More broadly Finance Minister Pravin Gordhan would commission a study of all tax policies “to make sure we have an appropriate revenue base to support public spending”. It would include an evaluation of the mining royalties regime, although he did not mention the ANC’s support at Mangaung for a tax on superprofits.

He also indicated that the government was looking at incentives for commercial farmers to ensure they were recognised for their input in mentoring new black farmers.

Noting that he had met Anglo American chairman John Parker recently to discuss the planned retrenchment of 14 000 workers at its platinum division, he said the government believed that at a policy level “we have managed to bring about certainty in the mining sector”. The nationalisation issue had also been “laid to rest” at Mangaung.

Two years after the announcement that the government would introduce a youth wage subsidy, Zuma finally stood up to elements in the ruling alliance and announced that a youth job incentive would be implemented.

The subsidy has been bitterly opposed by the Progressive Youth Alliance – the umbrella body of the ANC Youth League, the Young Communist League and student movements, SA Students’ Congress and Congress of SA Students.

Cosatu has also made it known it was concerned that any subsidy to private business might push existing workers out of their jobs, as businesses took in younger and cheaper workers who were subsidised by the state.

In reply to a question from DA parliamentary leader Lindiwe Mazibuko last year, the president said the youth subsidy would go through a process of consultation.

He acknowledged the opposition to the plan, but said “cabinet does not intend to abandon the policy”. The government had undertaken to resolve the concerns raised by its social partners, he said.

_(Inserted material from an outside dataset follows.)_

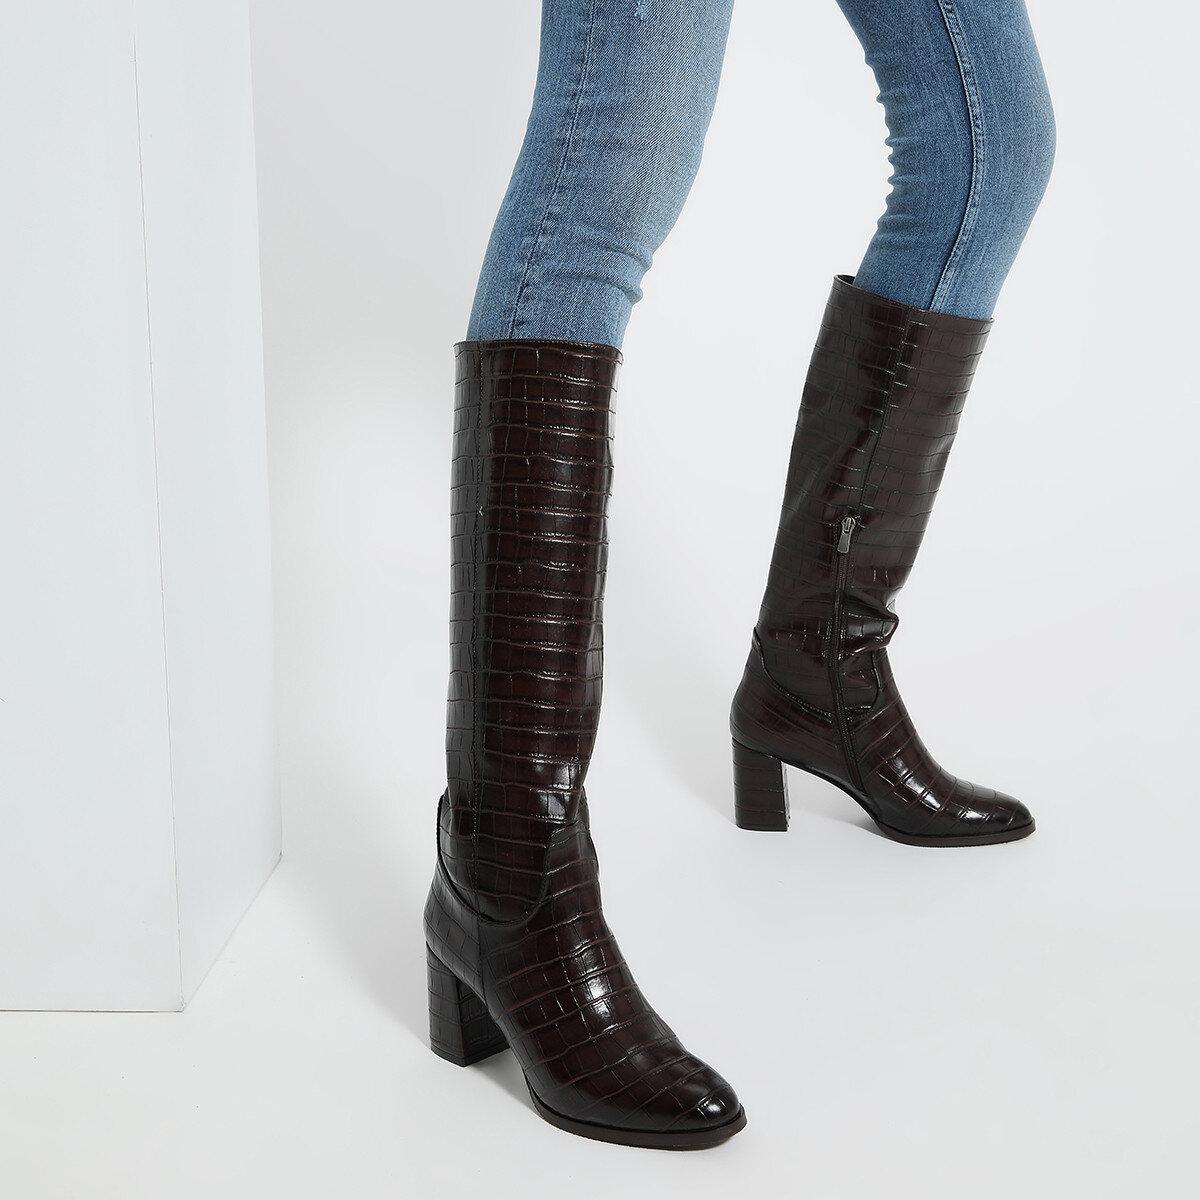 MASSA Kahverengi Kadın Topuklu Çizme

He said rising unemployment, “particularly among young people”, had become a focus challenge worldwide.

“In South Africa, the proposed youth employment incentive constitutes just one of many government interventions intended to alleviate youth unemployment over the short term and long term.”

This included measures to boost labour demand and create a conducive environment for investment and growth through the infrastructure build programme and economic support package, and address skills constraints through measures to improve access to, and the quality of, education.

Zuma said there would be a crackdown on government officials who did not pay small businesses within 30 days for work done on state contracts.